• [Assignment]:
Pictures are to be omitted. Output only the lines from the one containing "Webfleet aims to" through the end of the data, word for word.

• [Source material]:
☆ ☆ ☆
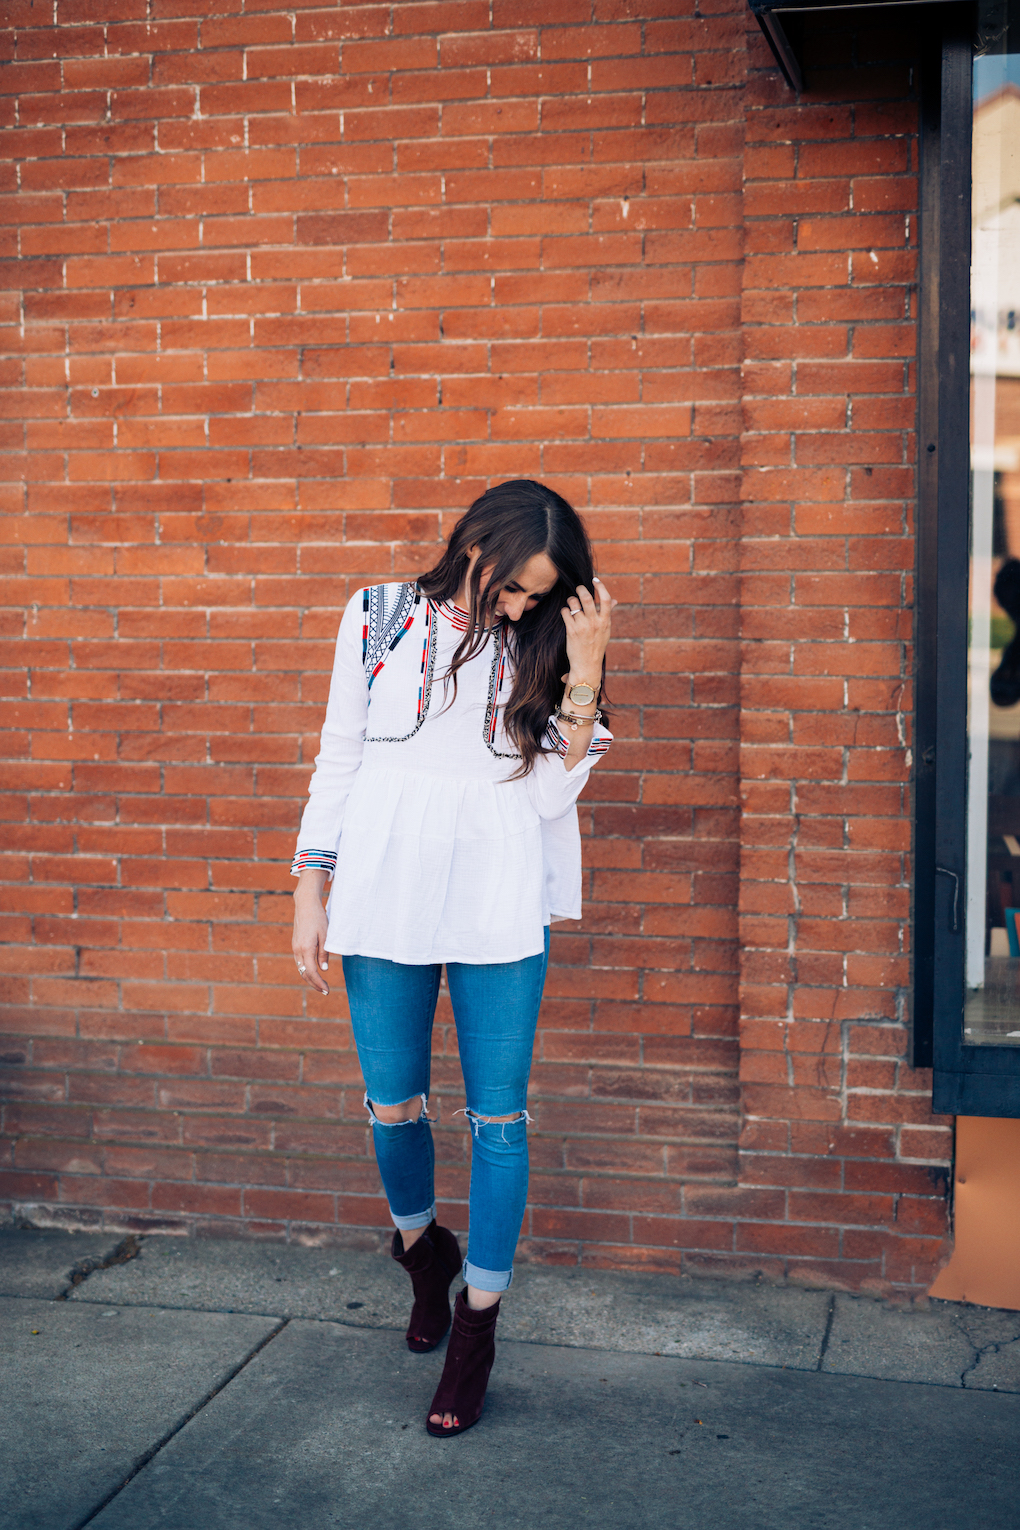 Girl in white peplum top with bright colored embroidery and skinny jeans with maroon booties in front of red wall
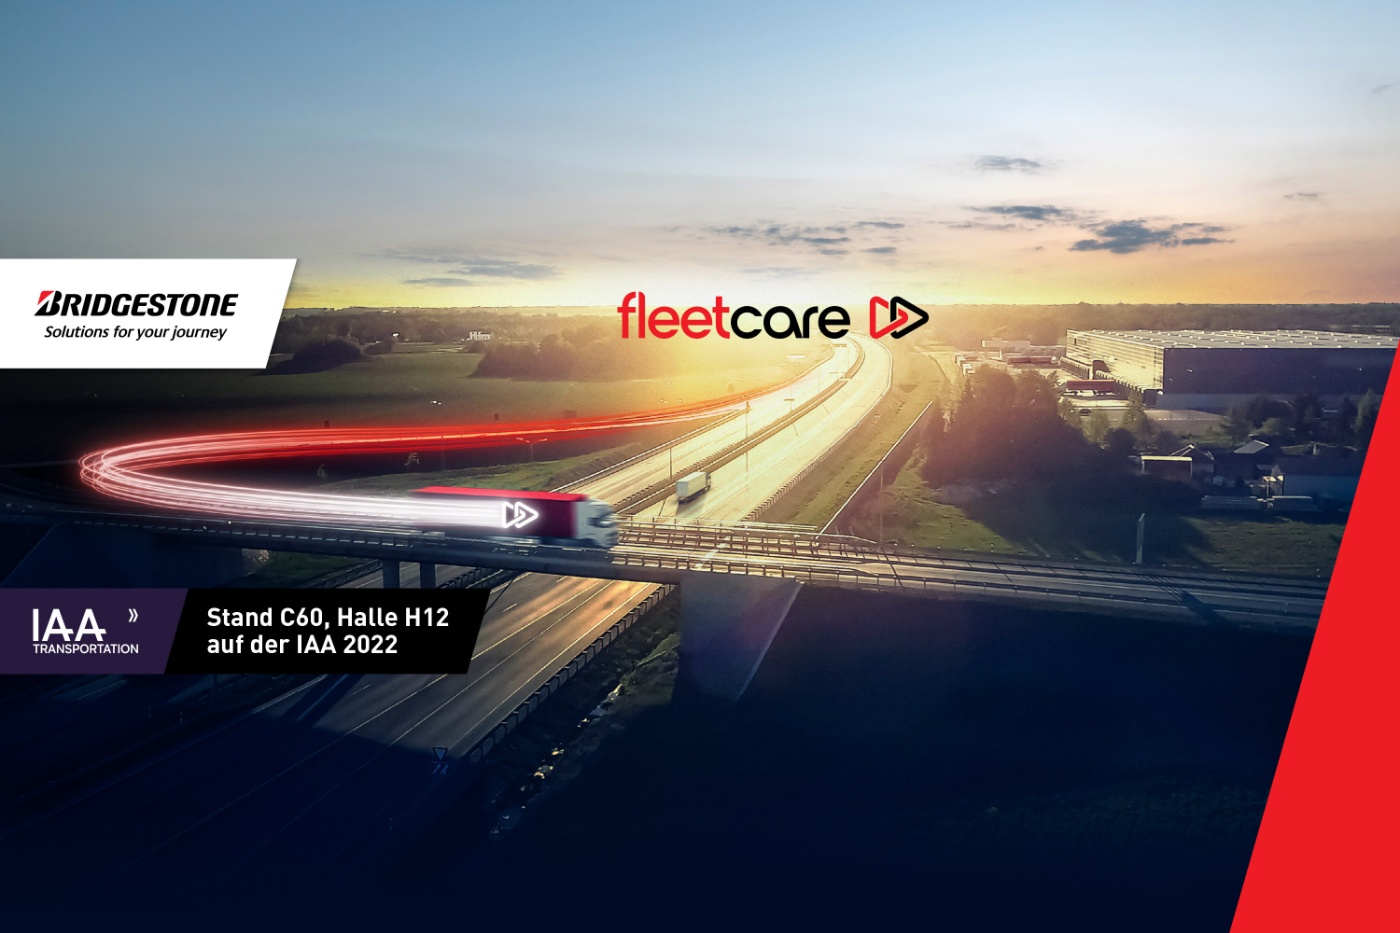 Webfleet aims to help reduce fuel consumption by up to 15 percent. Picture: Bridgestone
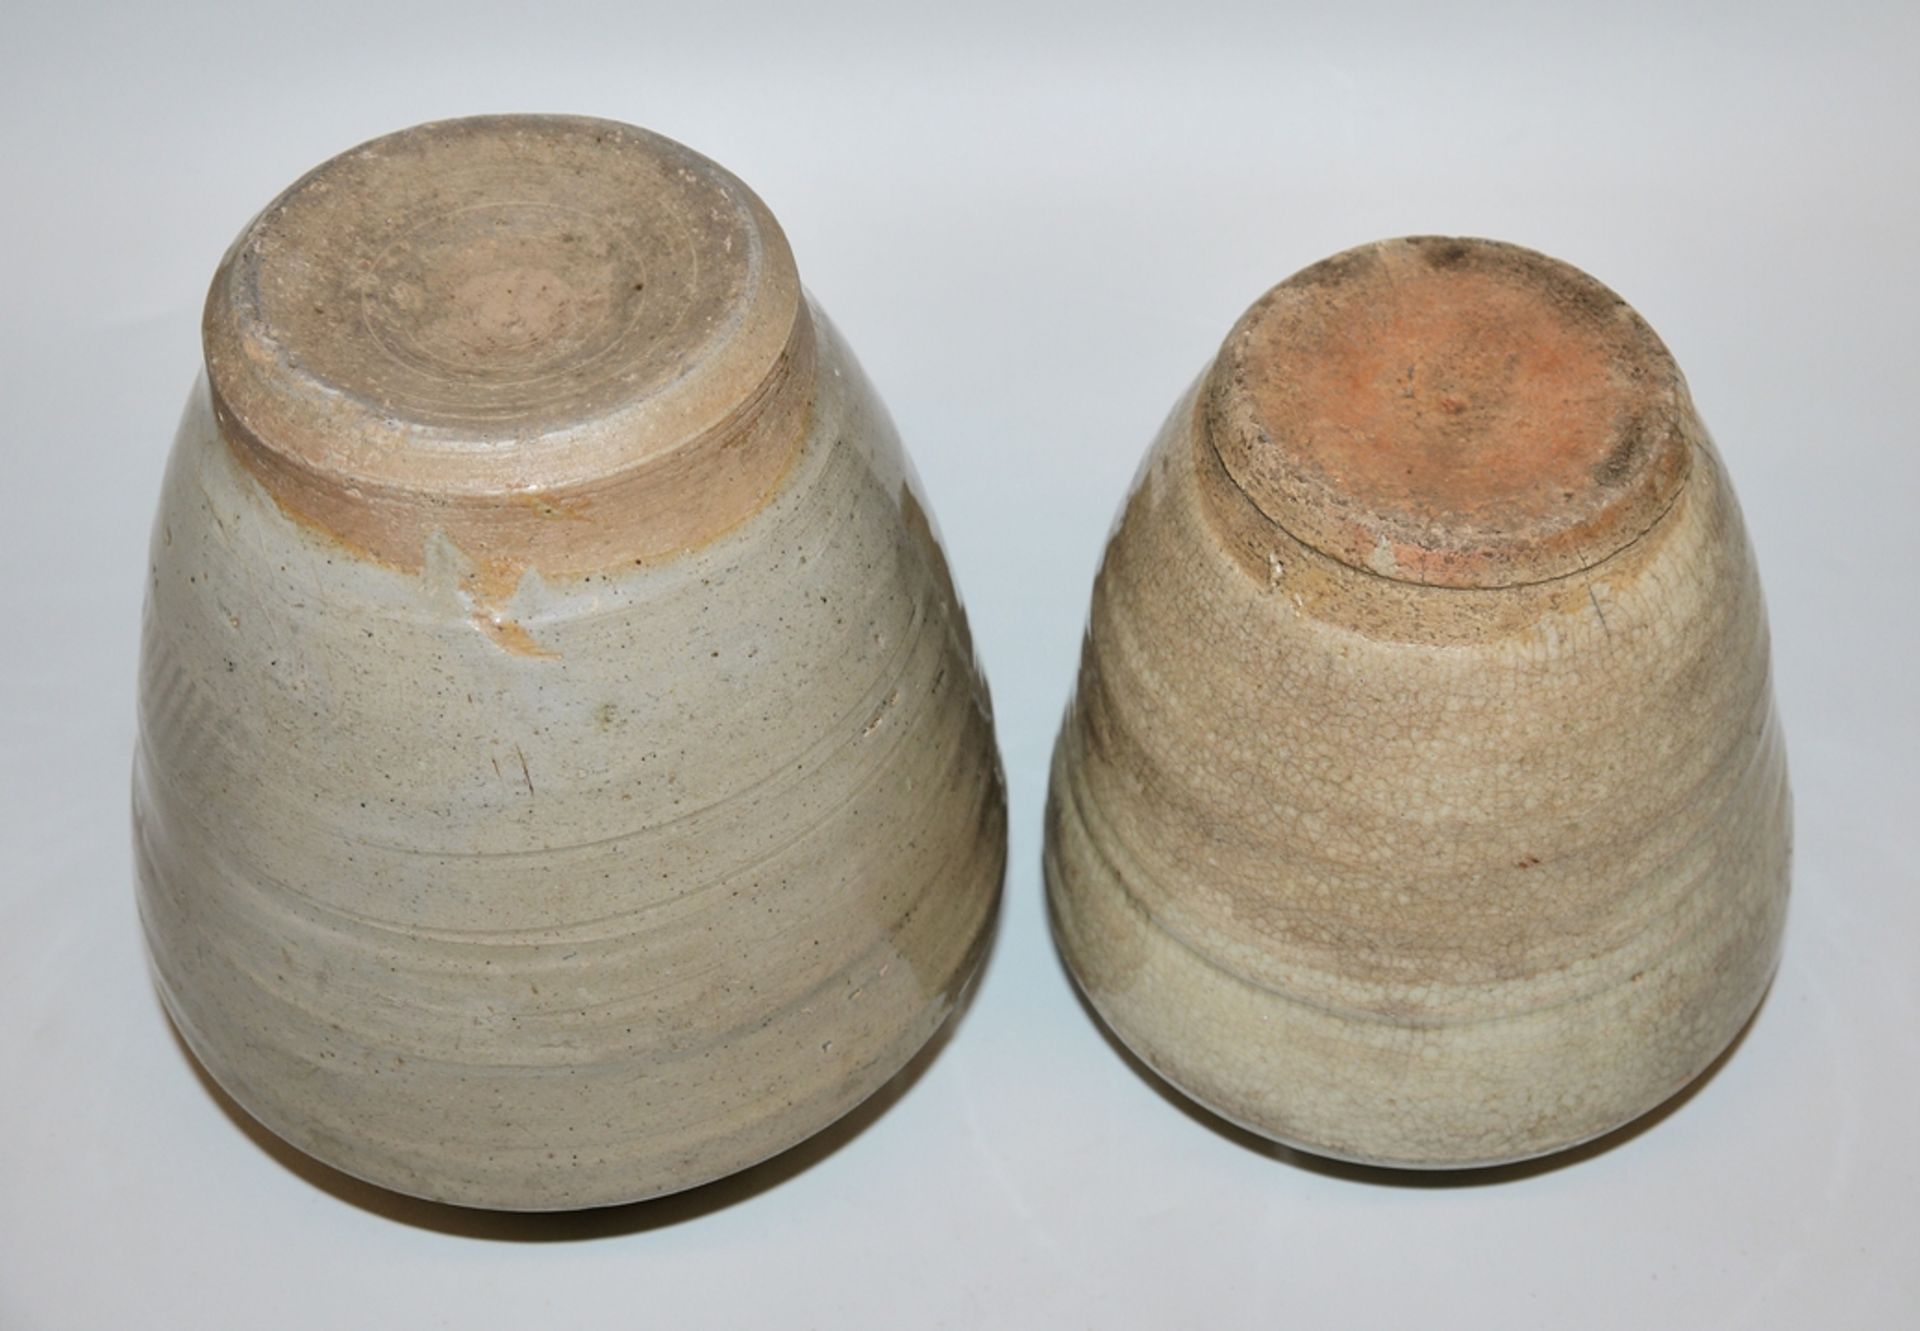 Two celadon storage jars, Ming period, probably southern China 16th/17th century - Image 2 of 2
☆ ☆ ☆
• [Exercise output]:
 Webfleet aims to help reduce fuel consumption by up to 15 percent. Picture: Bridgestone
 Two celadon storage jars, Ming period, probably southern China 16th/17th century - Image 2 of 2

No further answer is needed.